Даже дураку было бы ясно: тут что-то нечисто.
Только вот беда — он никак не мог найти причины.
Каждый из управляющих поместьями, землевладениями и в лавках докладывал чётко, с подробными объяснениями — и у всех были, казалось бы, вполне обоснованные доводы.
Он велел позвать Тао Цичжуна для совета.
Тао Цичжун, хоть и был учёным человеком, в делах хозяйственных ни уха ни рыла, а в бытовой смекалке уступал даже самому Сун Ичуню. Он уставился в хозяйственные книги и долго в них ковырялся, но тоже ничего путного не нашёл. Тогда и предложил:
— Может, пригласим кого-нибудь из зерновых управляющих? Пусть специалист посмотрит.
Сун Ичунь тяжело вздохнул.
Уж теперь-то чего — всё и так в беспорядке. Даже если сейчас и пригласить управляющих, всё равно не получится срочно собрать управляющих с полей и лавок — все уже давно разъехались. Пусть уж будет в следующем году… Лишь бы только удалось выяснить, в чём причина.
Тао Цичжун поразмыслил и назвал нескольких знакомых соотечественников, что работали зерновыми управляющими.
Сун Ичунь невольно ощутил досаду. Когда услышал, что старший родственник по линии отца из рода Доу пришёл вместе с каким-то племянником и просит о встрече, он слегка опешил. Вспомнив слова Доу Чжао, сказанные на днях, в душе его закралось тревожное предчувствие. Он долго колебался, прежде чем спросить:
— А знаешь, зачем этот господин из рода Доу пришёл?
— Нет, не знаю, — покачал головой мальчик-прислужник. Но, вспомнив про возможное вознаграждение, всё же добавил: — Только оба — и господин, и его племянник — молодые, лет чуть больше двадцати, выглядят очень учёно, сдержанно и благородно. Видно, что люди книжные.

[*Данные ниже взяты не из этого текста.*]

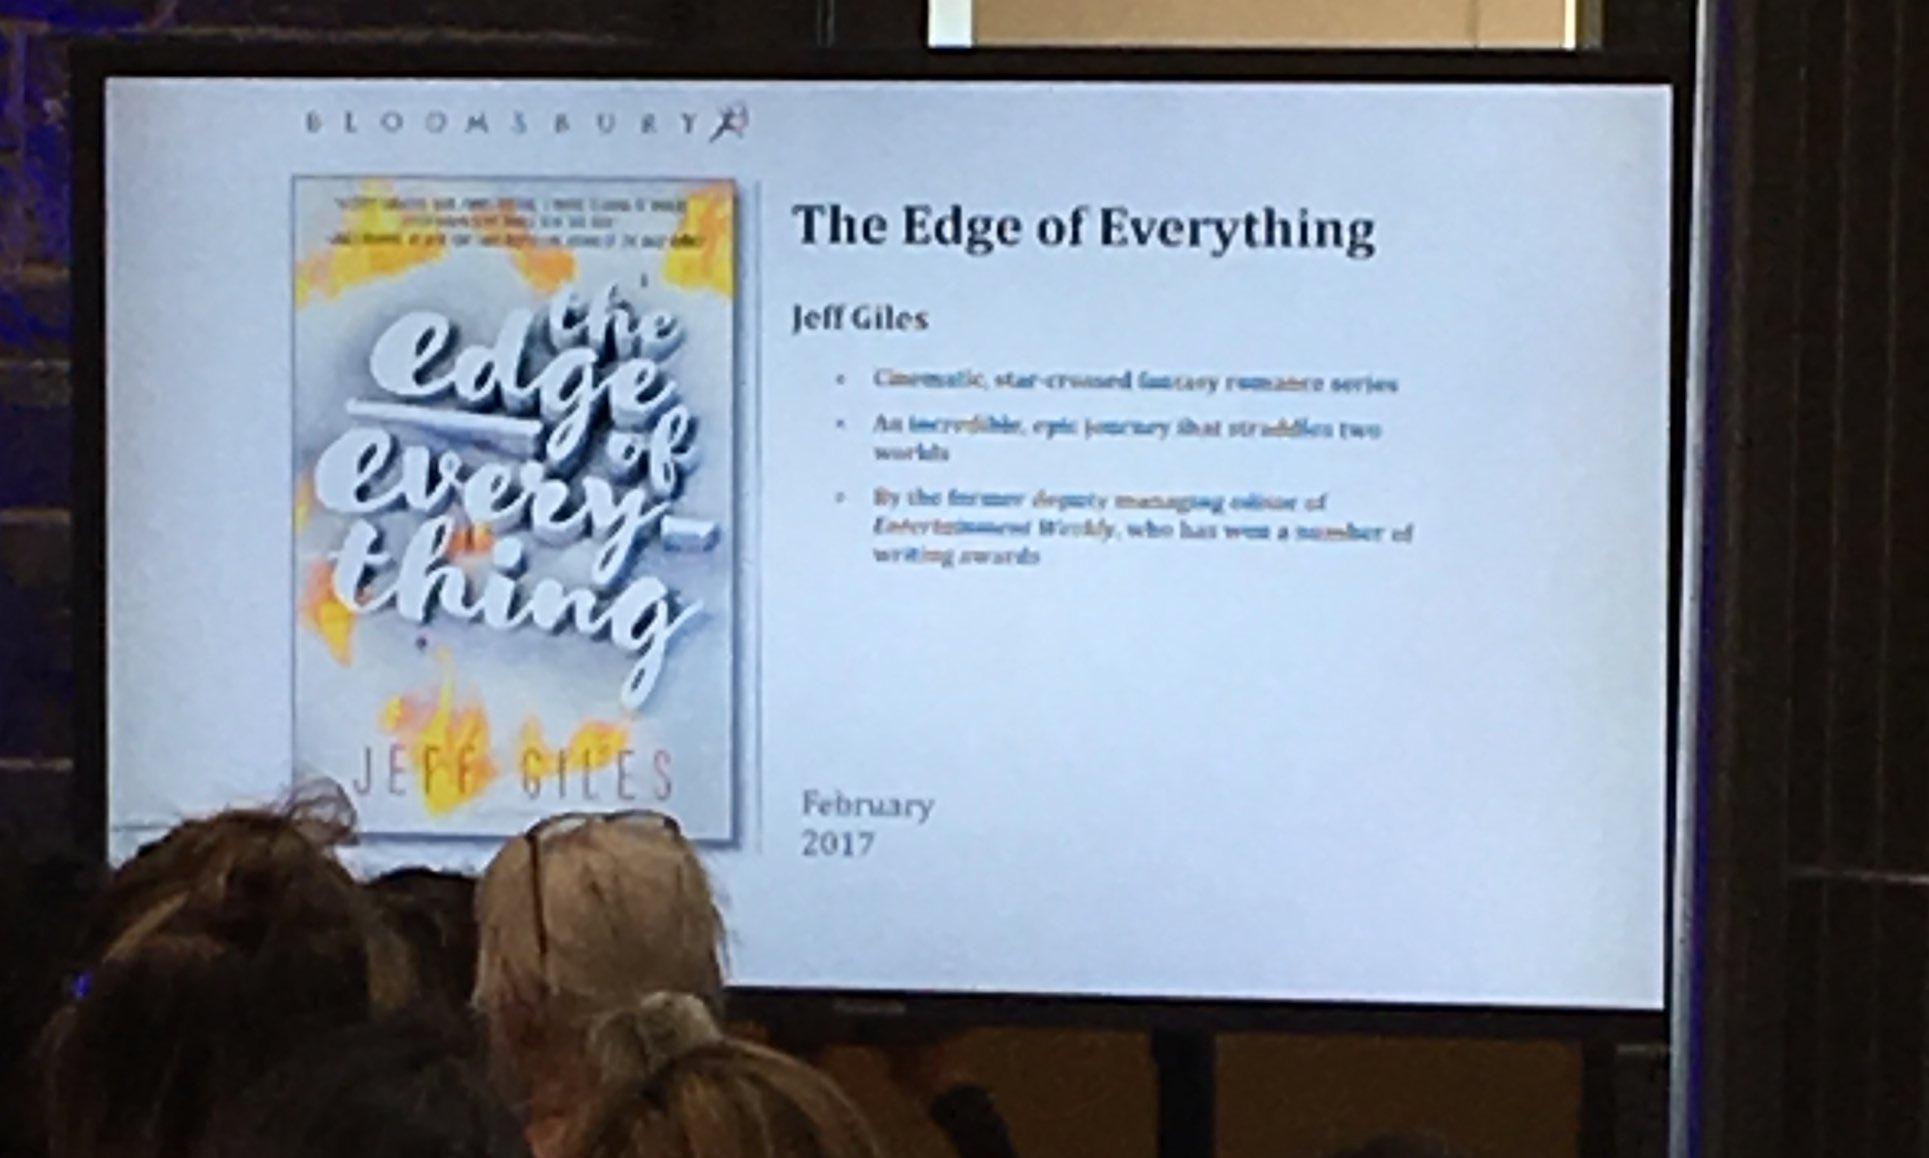 Next: February, The Edge of Everything by Jeff Giles, YA Fantasy series. @BloomsburySyd #YAshowcase https://t.co/VqFVddrhiJ

Род Доу, конечно же, всегда отличался воспитанностью и утончённостью.
А ведь и невестка его, когда только вошла в дом, тоже выглядела добродетельной, покладистой… Кто бы мог подумать, что на деле она окажется такой дерзкой и строптивой!
Сун Ичунь тоскливо подумал об этом и, поколебавшись ещё немного, всё же велел позвать господина и его племянника в цветочный павильон, велел подать чай. Сам же переоделся и, прихватив Тао Цичжуна, отправился туда.
Тао Цичжун хотел было напомнить Сун Ичуню: вы ведь старший по положению — если намерения у людей из рода Доу недобрые, зачем унижаться и самому идти в цветочный павильон? Можно же велеть пригласить их в кабинет — там и обстановка серьёзнее, и позиция сильнее.
Но, увидев, с каким тревожным лицом Сун Ичунь натягивает верхнюю одежду, Тао Цичжун только вздохнул про себя.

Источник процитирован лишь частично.